Hubo en los últimos días algunas voces dedicadas a extraer ciertas conclusiones sobre el 1º Congreso Argentino de Cultura realizado por el Gobierno a fines del mes pasado. Entre ellas está la del músico y director teatral Luis González Bruno. Impulsado por un artículo del escritor Enrique Fogwill en La voz del interior, Bruno se lanza a afirmar que arte y cultura deben transitar, de manera obligada, caminos separados: “Toda obra de arte se opone a la estrategia general de la cultura que consiste en normalizarla, suavizarla, hacerla digerible para el anaquel o la biblioteca”.
Más allá de la simpatía que pueda despertar un planteo por el estilo, es evidente que, a esta altura, resulta difícil compartirlo.
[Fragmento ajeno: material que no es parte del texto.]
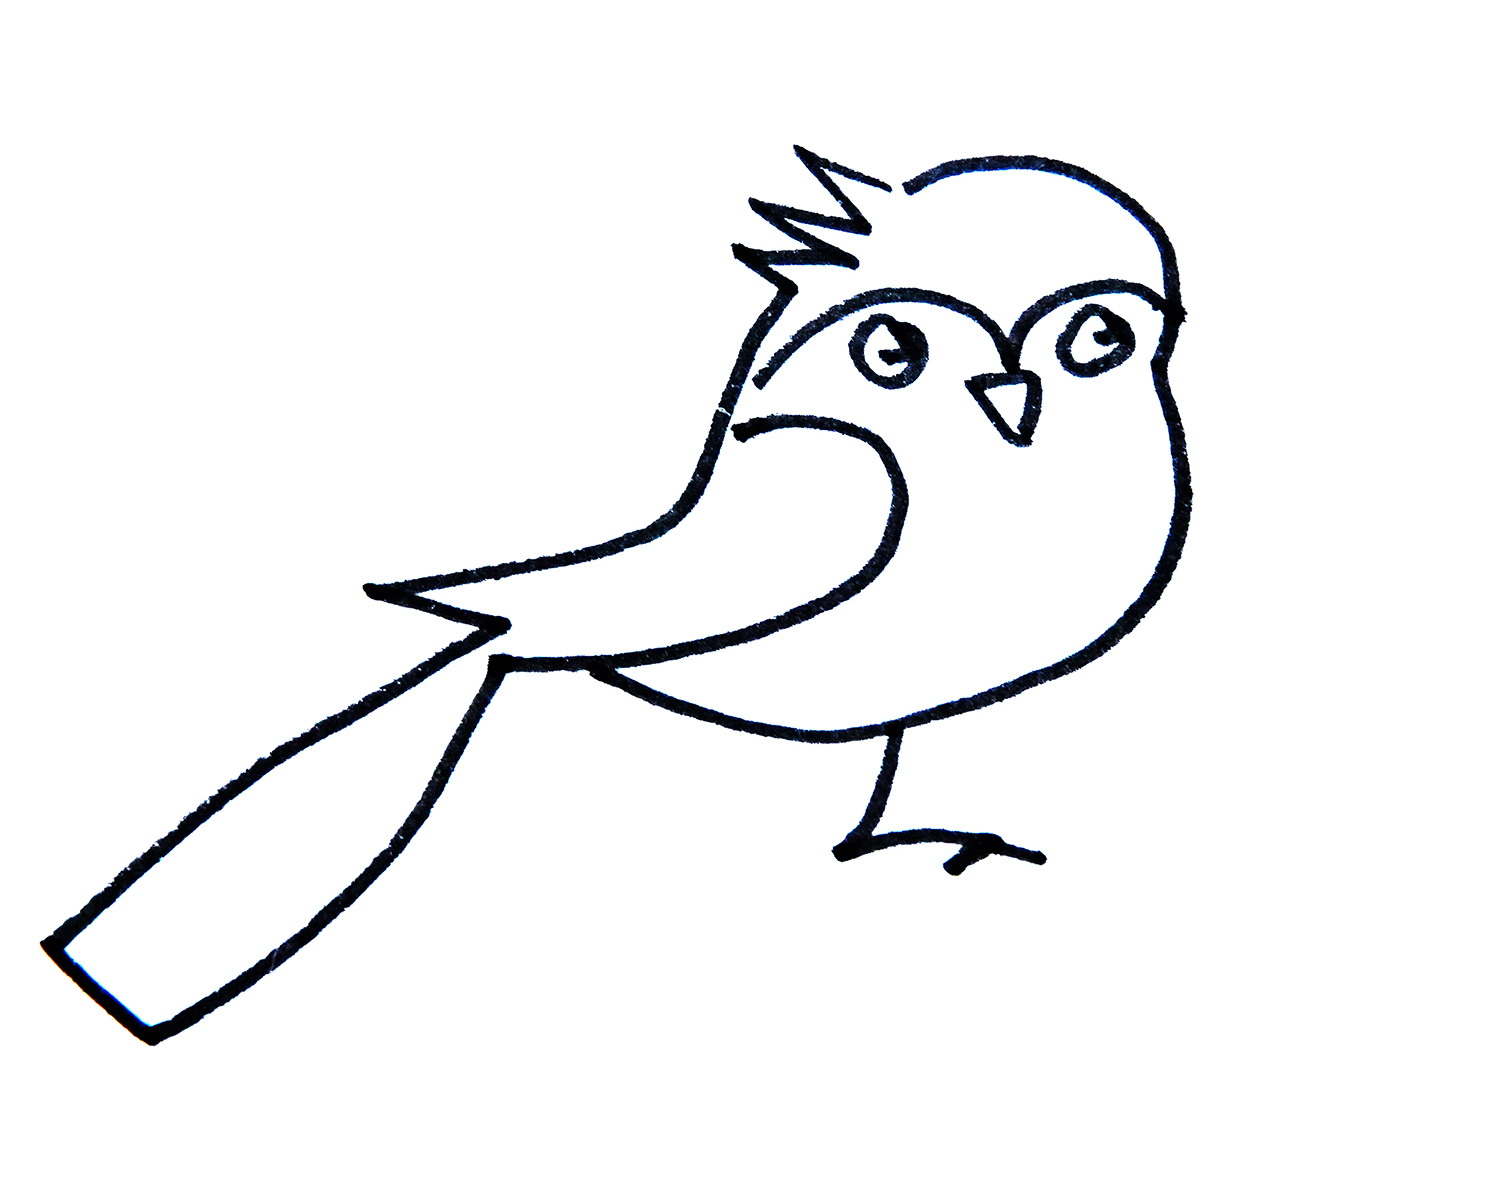 小鸟的画法 简单可爱简笔画图 - 有点网 - 好手艺

El “arte”, le guste a Bruno o no, ha sido cooptado por la cultura –en el sentido que él le da: el mercado cultural– hace ya un largo tiempo. No se trata de ninguna novedad: el propio sistema no puede funcionar de otra manera que convirtiendo al arte en una mercancía como cualquier otra. Siempre podrán existir los márgenes, lo mínimo inaprensible. Pero el verdadero desafío es el de jugar el juego con las armas disponibles. En este sentido, el hecho de que el Gobierno haya organizado un congreso de cultura no es en sí una decisión impugnable. El problema está, una vez más, en el cómo y el para qué. ¿Se podrá poner en tensión, inquietar, problematizar en un congreso de cultura oficial? Por qué no.
Ya lo dijimos: una de las falencias más evidentes del evento fue la ausencia de artistas e intelectuales. Existe otra recomendación, con vistas al próximo congreso del 2008: evitar, como sucedió a partir de la segunda jornada en Mar del Plata, que tienda a transformarse en un mitín partidario (para que, entre otras cosas, homenajes como el dedicado a Leonardo Favio no termine siendo una excusa para proyectar sólo los pasajes de su filmografía en los que brilla la figura de Juan Domingo Perón).
¿Qué debiera asegurar un congreso de cultura? Antes que nada, la discusión. No hubo en Mar del Plata intercambio entre expositores y público, ni debate entre los propios miembros de las mesas. No tendría que pasar inadvertido: pautar una proyección que interese a una buena parte de la sociedad, evitar la endogamia, exceder los márgenes de la burocratización. Sobre todo: exigir propuestas concretas a los disertantes. Muchas de las exposiciones estuvieron por debajo del nivel esperado. No es casualidad que la mesa más interesante haya sido la de “Promoción de la lectura y rol actual de las bibliotecas”, en la que Horacio González reflexionó sobre la mutación del lenguaje y el futuro de las lenguas nacionales, y Mempo Giardinelli invitó a reformular las bibliotecas populares para convertirlas en lugares luminosos y amplios, sin restricciones de horarios, más parecidos a clubes que a púdicos monasterios medievales.
Por el momento queda claro que para el gobierno actual la cultura es más un medio que un fin en sí mismo. ¿Podrá este tipo de foros convertirse alguna vez en algo más que un encuentro para rendir cuentas de gestión y proclamar buenas intenciones? Está por verse. Tal vez dentro de dos años la “a” minúscula omnipresente en carteles y afiches ya no remita –como decodificó con ironía el periodista Emilio Perina– a las llamativas “ausencias” del congreso, y se convierta en una “p” de “presencias”. O, sobre todo, de “pluralismo” y “pensamiento”.